There is, however, the question of instinct, which itself is a sort of "rule" or "intelligence" by which animals, and in a certain manner, also man are governed. How does human "law" differ from such rule of instinct? It is in the apprehension of an end, knowing it to be an end, that we find what distinguishes instinct from reason. The ordering of activity with knowledge of an end, knowing it to be an end, and the structuring of means to achieve that known end, is what distinguishes the impulse of instinct from the impulse based upon reason. The legislative activities of man, which encompass "a constant effort to embody a certain philosophy of man and society," cannot be confused with animal instinct. If there are societies, or part of societies, that base themselves on such nonrational instinct, they are, at least to that respect, infrarational or subhuman. Simon, 81.

1 comment:

  1. I have several points to make.

    Cicero wrote that "human reasoning must be PREDICATED upon the Natural Law". Now, is Cicero using the Greek meaning here, "Laws of Nature" or is he using the Roman Catholic meaning of the Natural Moral Law? I believe Cicero is NOT using your definition of the Lex naturalis. Am I right? In some of your posts you quoted Cicero as saying such.

    What is the meaning of Cicero and his term.

    Second, I think you are all missing the boat on the Natural Law or the Laws of Nature. The Greek Word for this is also "Sophia"; Wisdom. Wisdom is not about morality but about successful living.

    I think that this is nowhere in Catholic thought. The Laws of Nature are about teaching us Wisdom, on how nature works. For example, ever hear the saying "One bad apple destroys the bushel"? I heard this from my parents many times. It was to ward of bad company. Is this Morality? No. Is this Ethics? NO. This is wisdom. It is about how we conduct our lives that is not in the moral sphere. This is a Law of Nature. One bad apple does destroy the bushel. Hay does the same thing. Bad hay corrupts other hay and turns it all bad. Do not disease spread?
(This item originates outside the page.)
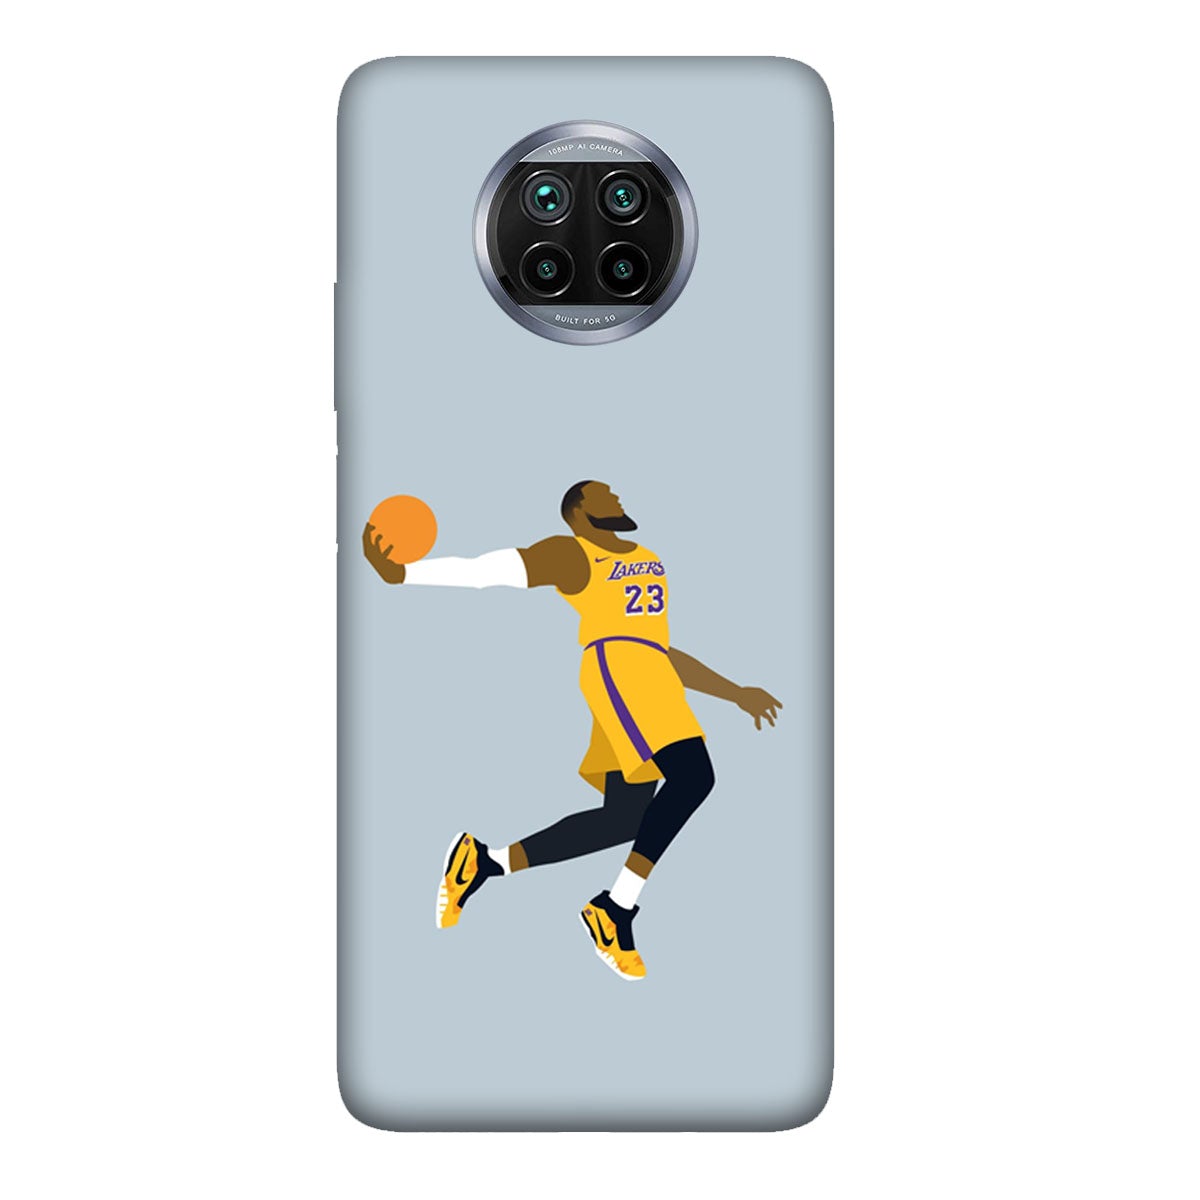 Lebron James - Lakers - NBA - Mobile Phone Cover - Hard Case

    The Spartan Xenelasia, I believe, was based on this Law of Nature. St. Paul quotes Menander, "Bad company corrupts good morals". This is the Law of Nature. Not with Free Will. Not with Reason. Not with Ethics. This is Wisdom. The Greeks concieved of the Laws of Nature and called them "Wisdom" and man follows Wisdom.

    I think thru compartmentalization and an academic narrow mindedness and too much scholasticism that the Natural Law under Roman Catholic tutelage is moving away from this Wisdom thing in the Laws of Nature. I don't see this parameter in any of your posts. The total concern is on Morality when the Lex Naturalis of Cicero and of the Greeks had to do with Wisdom, a kind of guide to living, not morality.
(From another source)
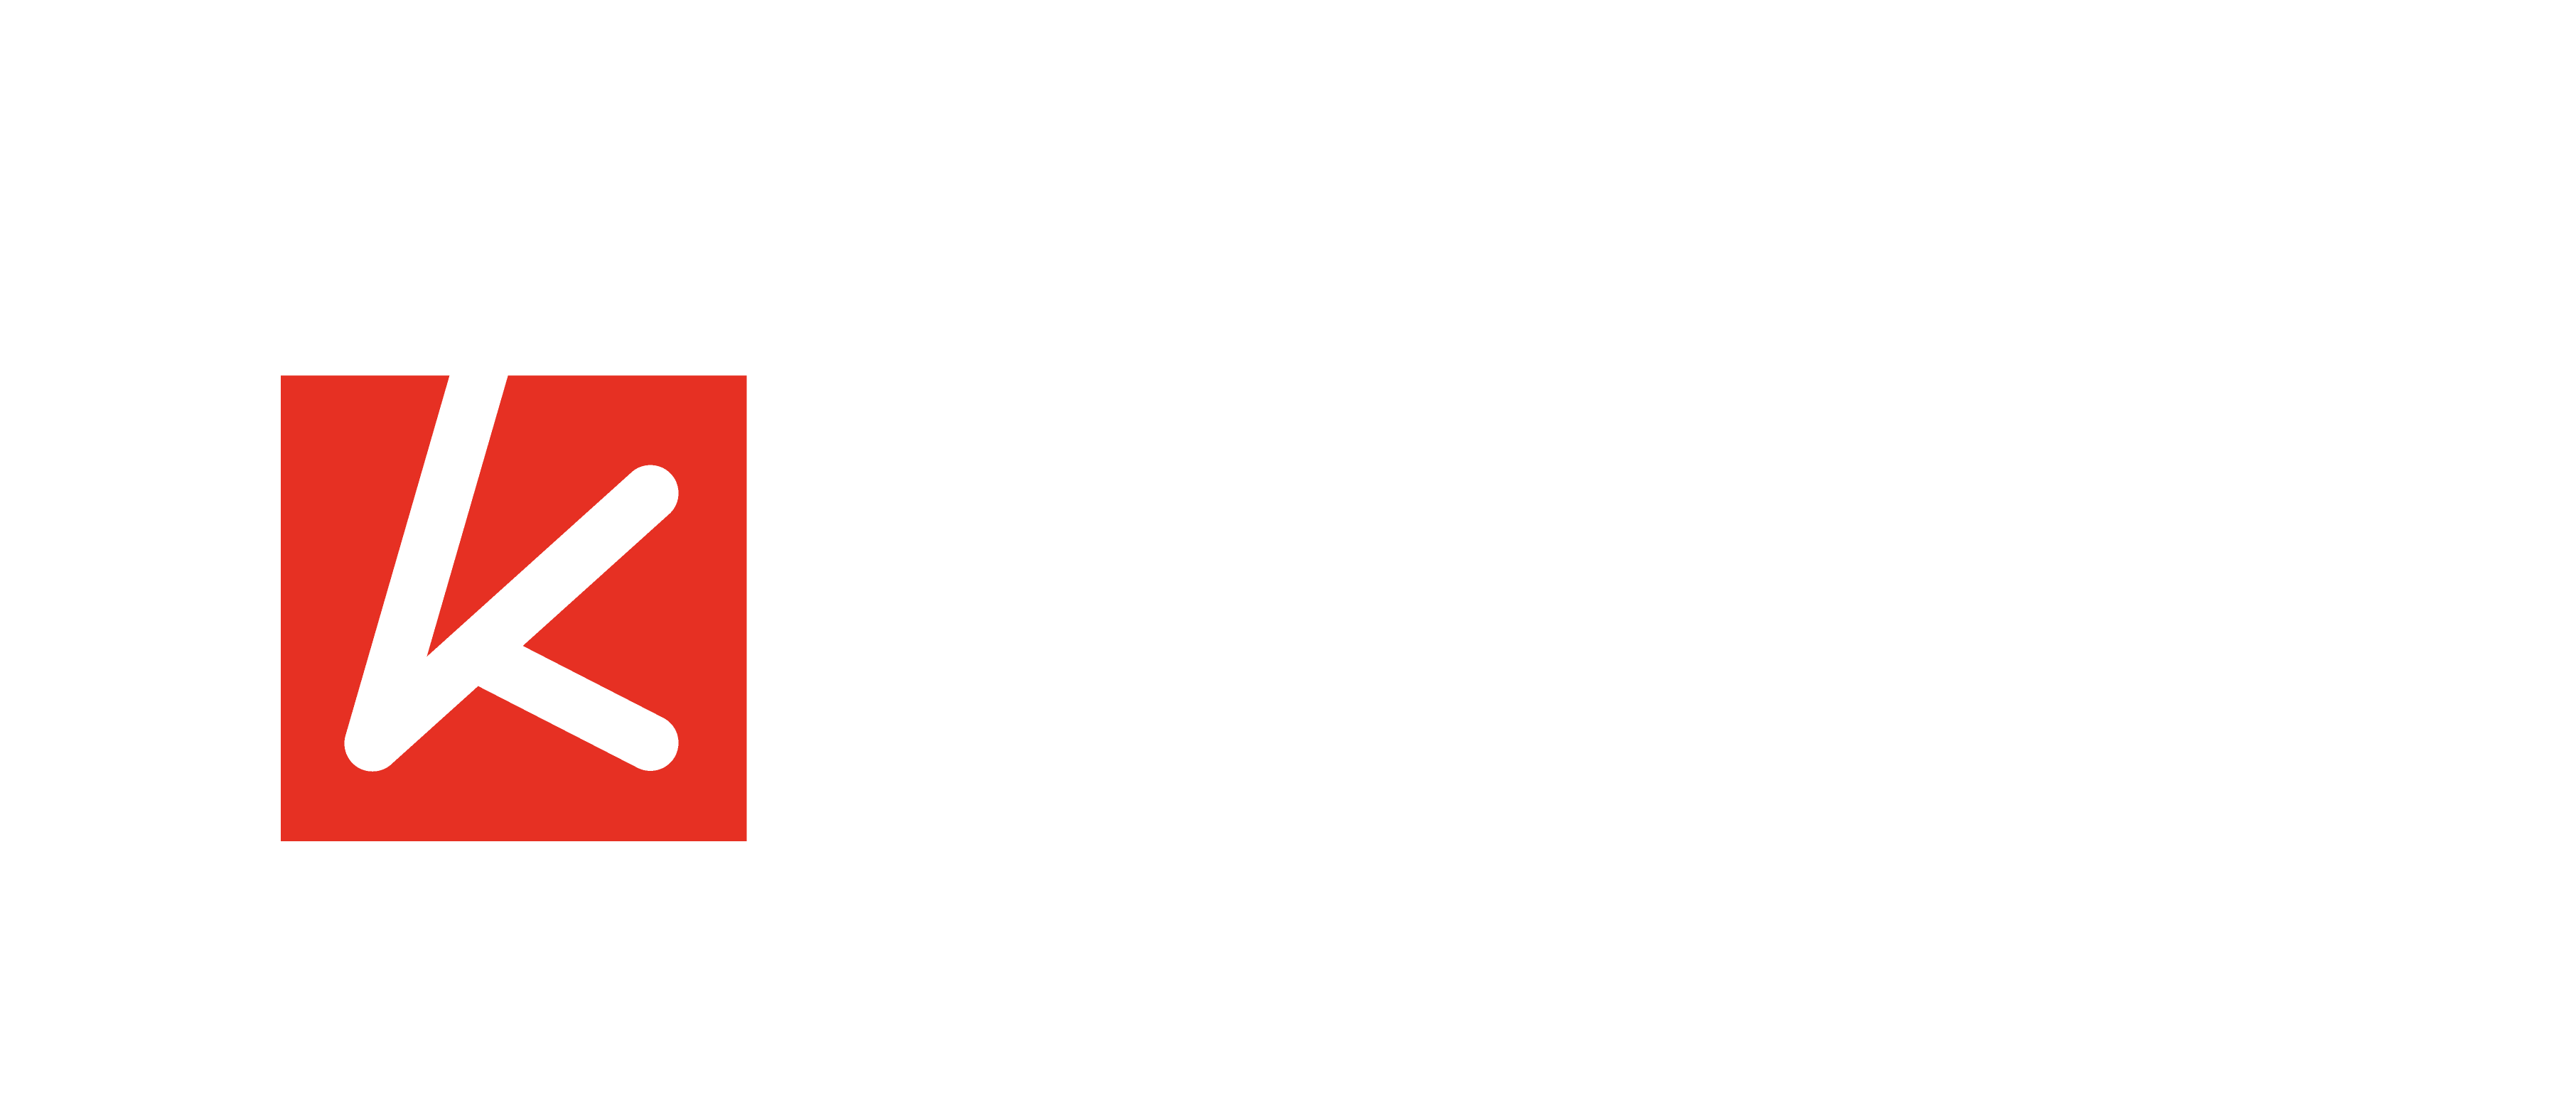 Kohinoor Viva City Logo

    Something is wrong somewhere. See the word "philosophy" was brought into being by Pythagoras who was trained by the Doric Greeks. They used the Laws of Nature to guide not only their personal lives but their states as well and this Wisdom, found in Nature, called the Logos, guided their living and made them live freely for some nine, six centuries.
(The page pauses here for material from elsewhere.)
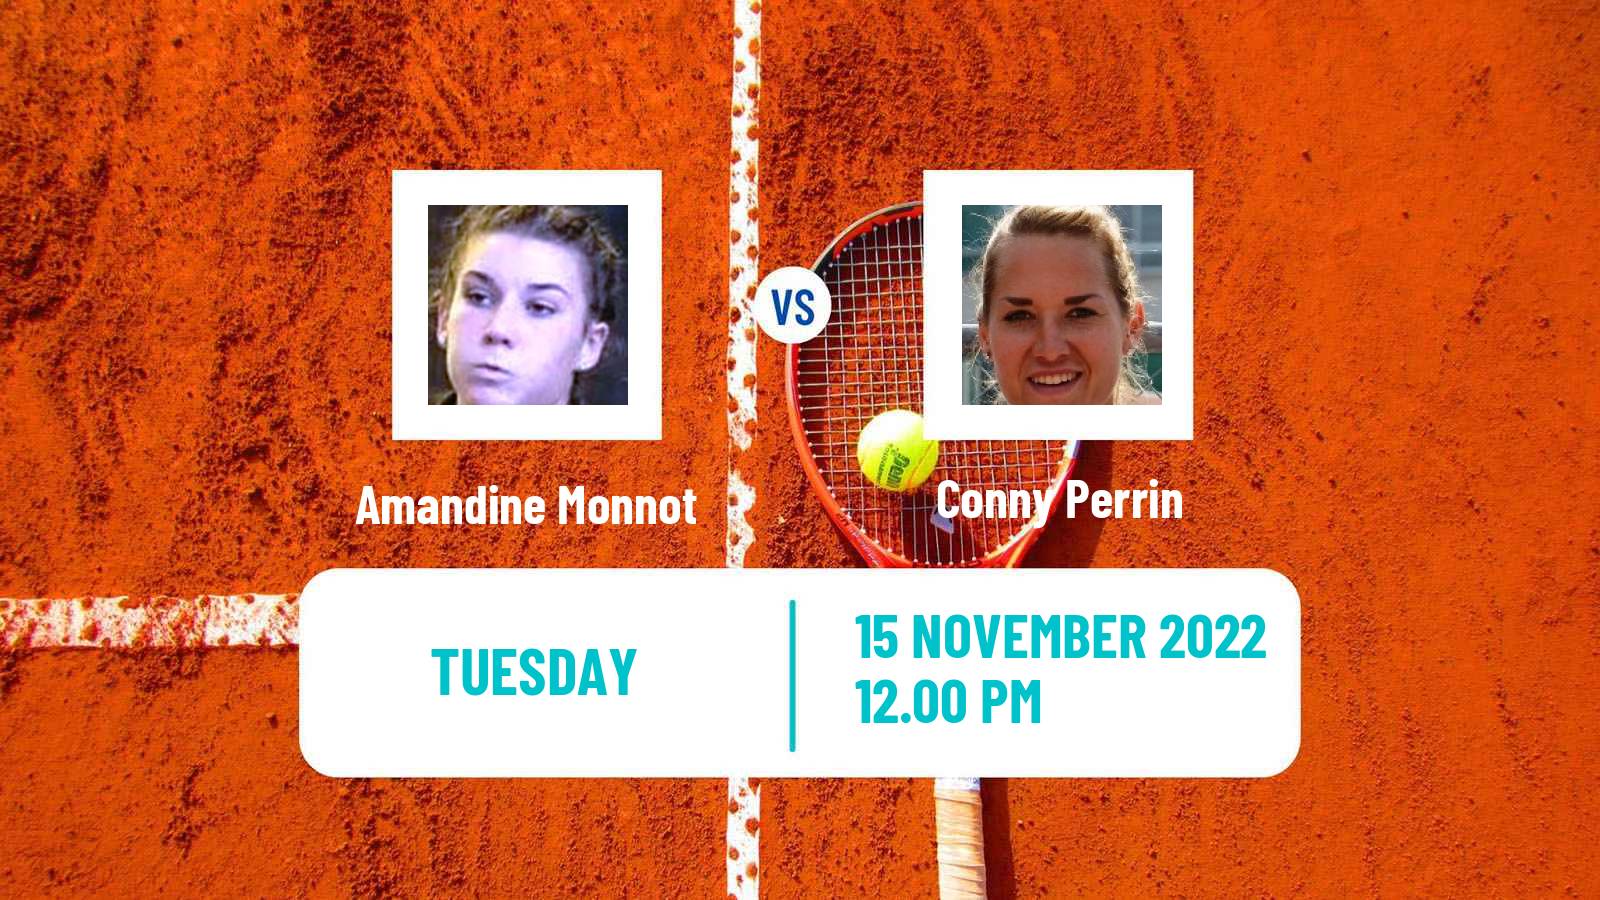 Tennis ITF Tournaments Amandine Monnot - Conny Perrin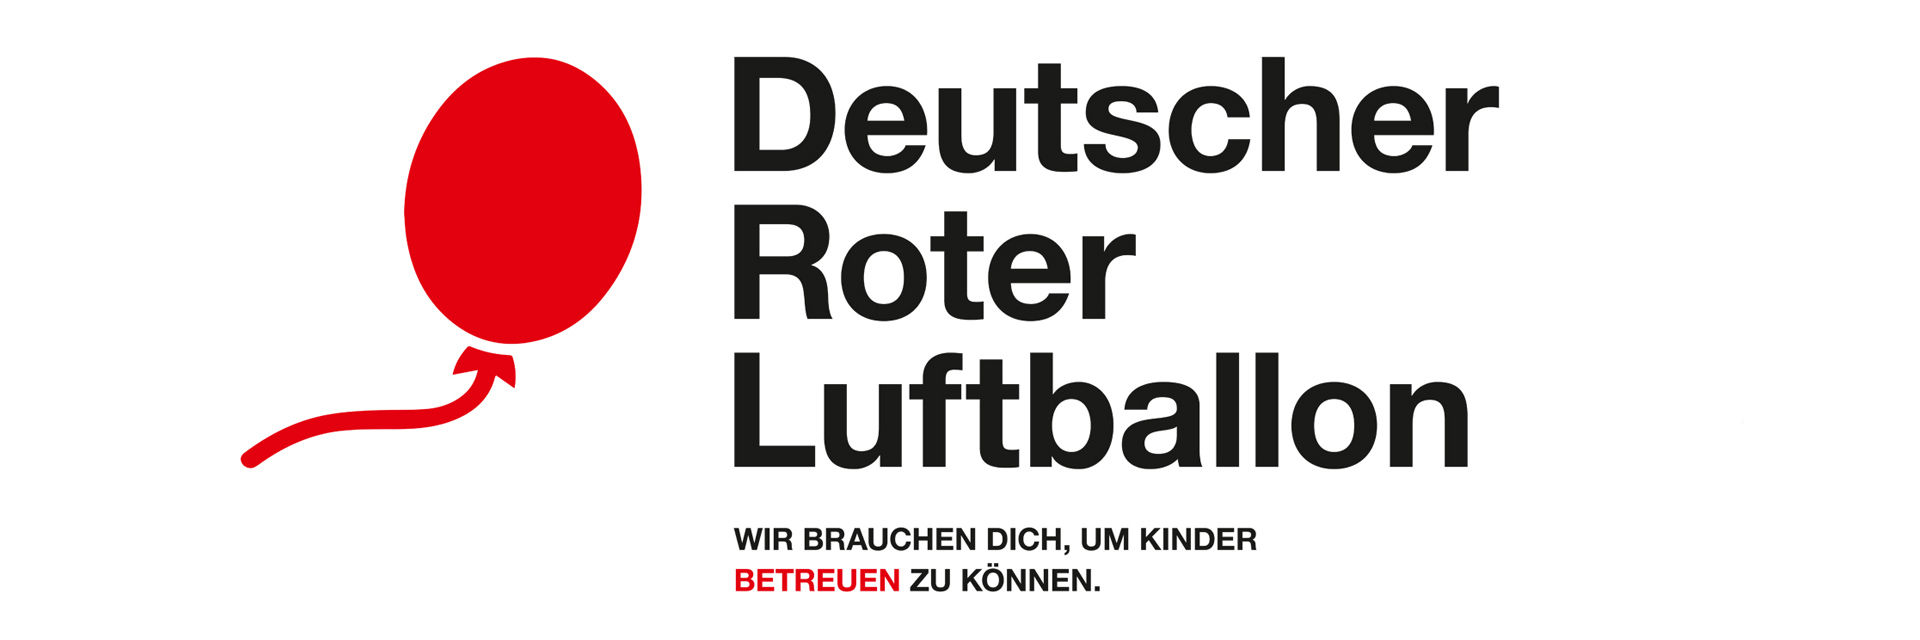 Grafik: DRK-Kampagnenmotiv "Deutscher Roter Luftballon" mit Ballon-Piktogramm

    This is the gist of what I'm getting at. Is that the Lex Naturalis of Cicero and of the Greeks was not about morality. And yet the whole focus of Catholic thought on the Lex Naturalis is morality. Where is Wisdom?

    What is Wisdom? And where is Wisdom in Catholic Thought?

    Is it wise to import thousands of non-Europeans into America? What happened to Wisdom? Do not the Laws of Nature teach Wisdom? Does not Scripture teach that "Through Wisdom did God create the earth"? If we follow the Wisdom embedded in Nature, are we not Wise?

    What does this have to do with Free Will? or morality? I believe that the Natural Law now is totally discombobulated from its original meaning.